(Task input)

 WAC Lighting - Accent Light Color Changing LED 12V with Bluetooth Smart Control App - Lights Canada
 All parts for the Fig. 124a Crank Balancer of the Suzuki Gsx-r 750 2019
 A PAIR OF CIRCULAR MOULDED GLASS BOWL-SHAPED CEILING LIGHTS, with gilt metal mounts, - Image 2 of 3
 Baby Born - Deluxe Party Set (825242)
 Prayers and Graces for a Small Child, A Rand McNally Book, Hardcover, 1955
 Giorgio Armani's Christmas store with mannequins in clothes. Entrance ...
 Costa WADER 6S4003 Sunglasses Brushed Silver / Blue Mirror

(End Task input)

**What to work on**
Each entry above needs to be output exactly.

**Answer for this exercise**
 WAC Lighting - Accent Light Color Changing LED 12V with Bluetooth Smart Control App - Lights Canada
 All parts for the Fig. 124a Crank Balancer of the Suzuki Gsx-r 750 2019
 A PAIR OF CIRCULAR MOULDED GLASS BOWL-SHAPED CEILING LIGHTS, with gilt metal mounts, - Image 2 of 3
 Baby Born - Deluxe Party Set (825242)
 Prayers and Graces for a Small Child, A Rand McNally Book, Hardcover, 1955
 Giorgio Armani's Christmas store with mannequins in clothes. Entrance ...
 Costa WADER 6S4003 Sunglasses Brushed Silver / Blue Mirror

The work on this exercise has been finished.